The new administrative building will include an office ready to host the Ministry of Antiquities for three days a week to facilitate his overseeing the development project and the establishment of the Grand Egyptian Museum.
The final stage of the project includes the restoration of archaeological tombs and cemeteries and ancient buildings in the area.
The Arab Organisation for Industrialisation has surveyed the area for the installation of security cameras and maintenance of the existing surveillance system. It will also work to install solar-powered lights to illuminate the surrounding desert. Currently, there are 197 cameras on the site, of which 61 are offline.
The area is expected to attract more tourists after the development project is completed.
Chief Antiquities Inspector of the Giza Plateau Wael Fathi Morsi explained that the flow of tourists visiting Egypt is somewhat low, but is usually steady in the summer season due to domestic tourists and tourists from the region visiting.
The total number of visitors in July was 148,000, including 3,992 foreigners, 13,595 foreign students, 85,302 Egyptians, and 45,198 Egyptian students. The total revenue registered was EGP 3.2m, according to Morsi.
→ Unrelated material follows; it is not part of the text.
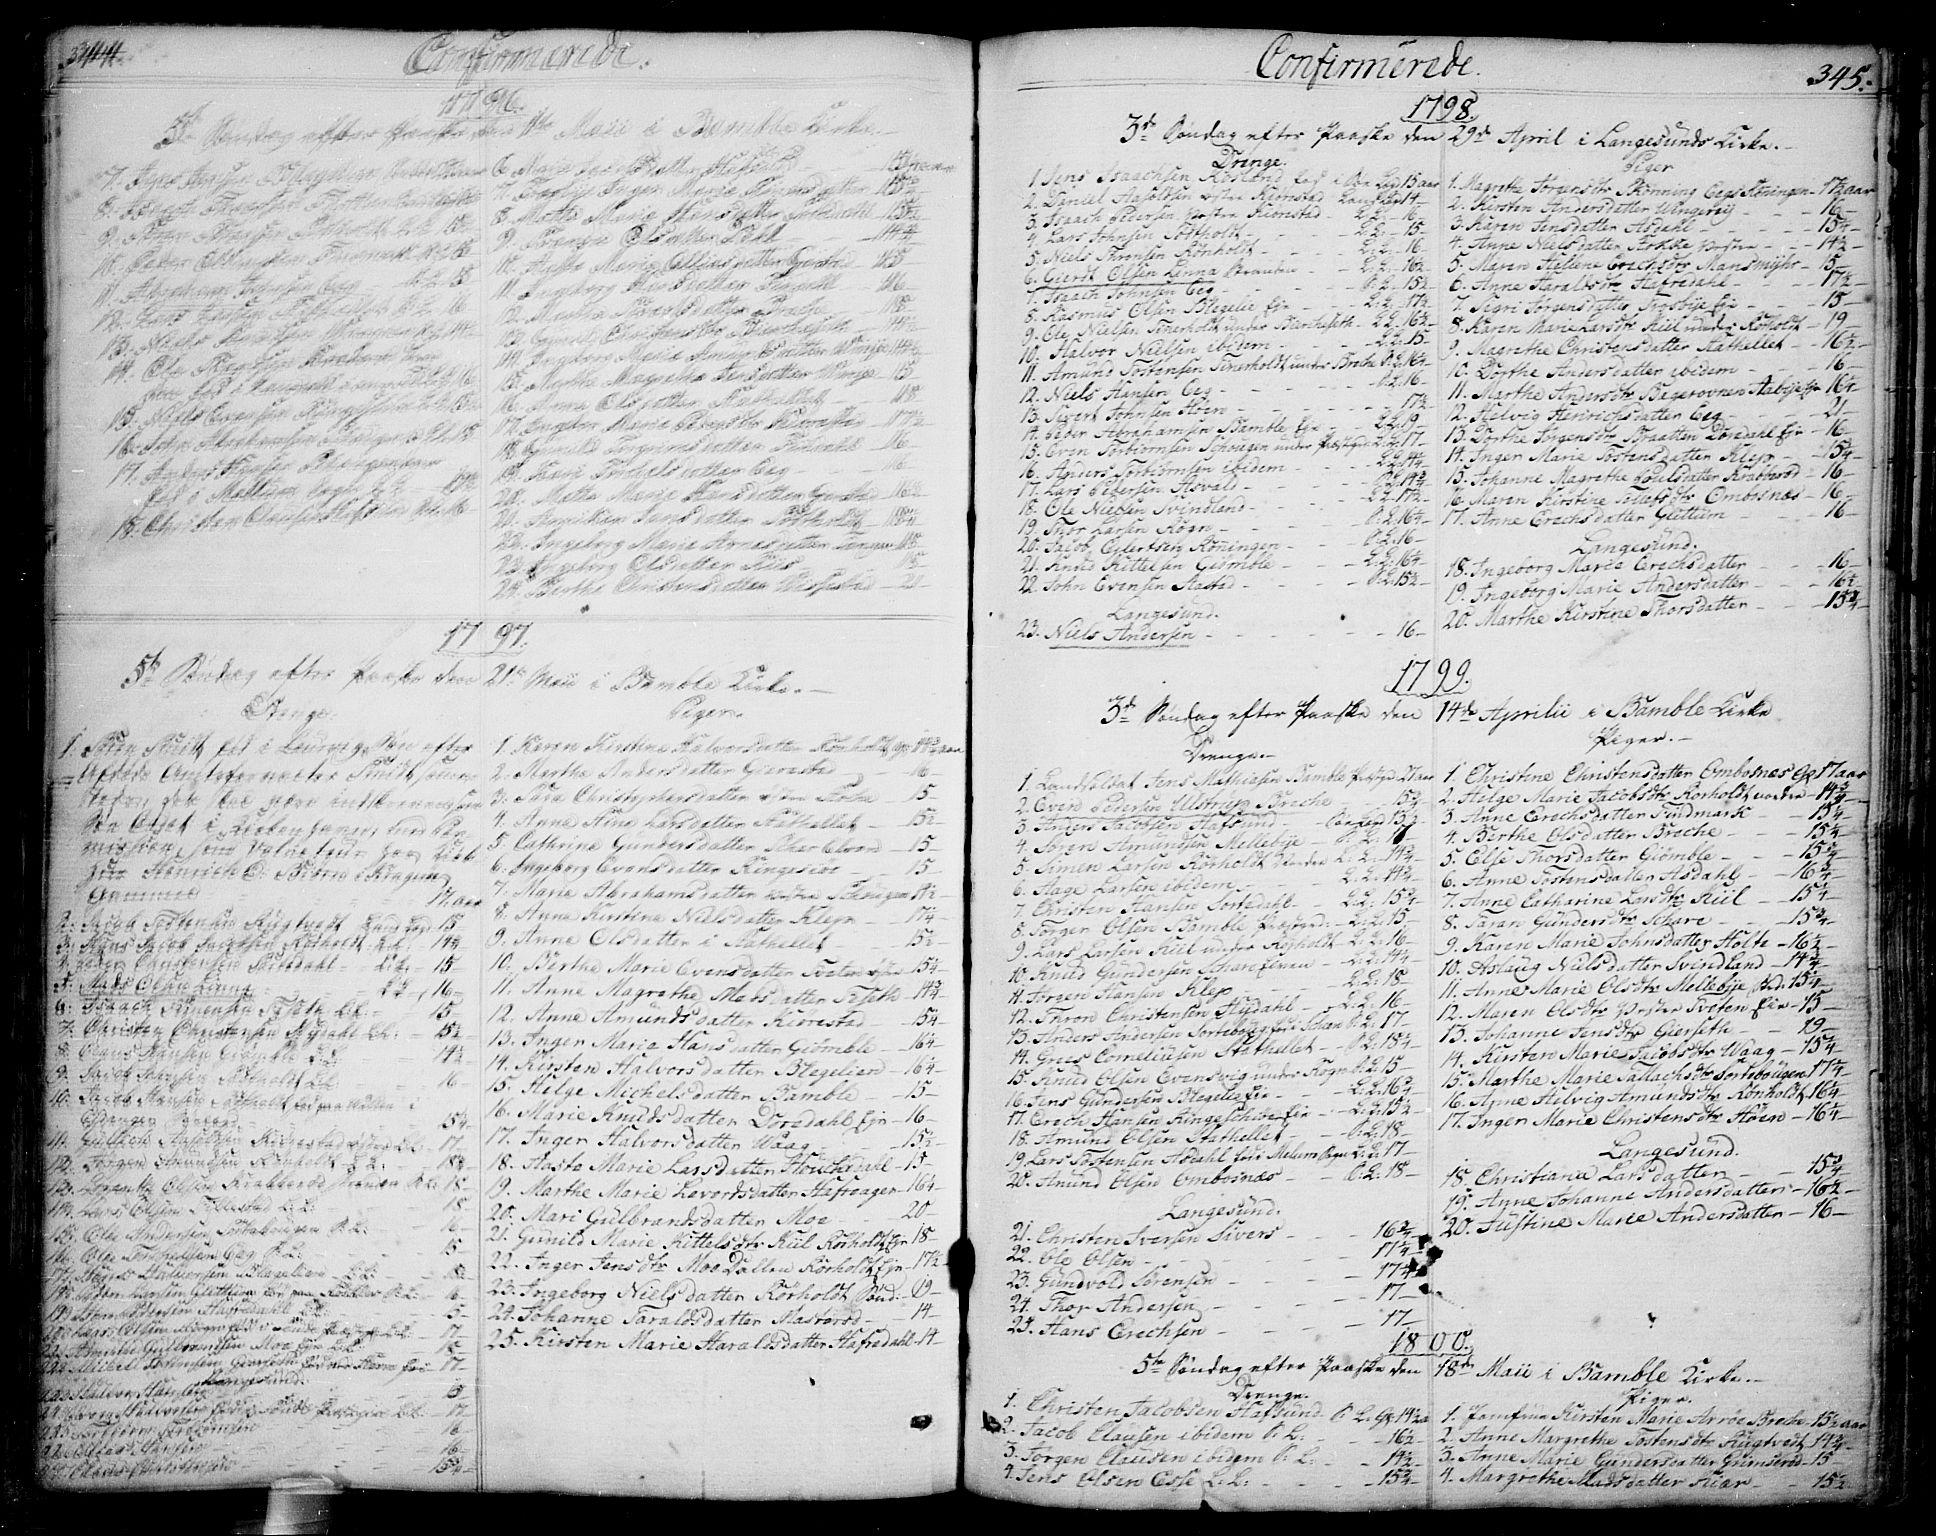 SAKO, Bamble kirkebøker, F/Fa/L0002: Ministerialbok nr. I 2, 1775-1814, s. 344-345

Ticket prices are EGP 5 for Egyptian students and EGP 10 for Egyptians. The pass for the Great Pyramid of Giza, and for the Pyramid of Khufu, is EGP 30 for Egyptians and EGP 20 for Egyptian students. The Pyramid of Menkaure is EGP 10 for Egyptians and EGP 5 for Egyptian students. There is also a EGP 10 ticket for Egyptians to enter the Tomb of Meresankh, which is EGP 5 for Egyptian students.
As for foreigners, the main ticket is EGP 20 for non-students and EGP 40 for students. The ticket for entering the Great Pyramid is EGP 200 for non-students and EGP 100 for students. The third pyramid ticket is EGP 40 for non-students and EGP 20 for students. The Tomb of Meresankh costs EGP 50 for non-students and EGP 25 for foreign students.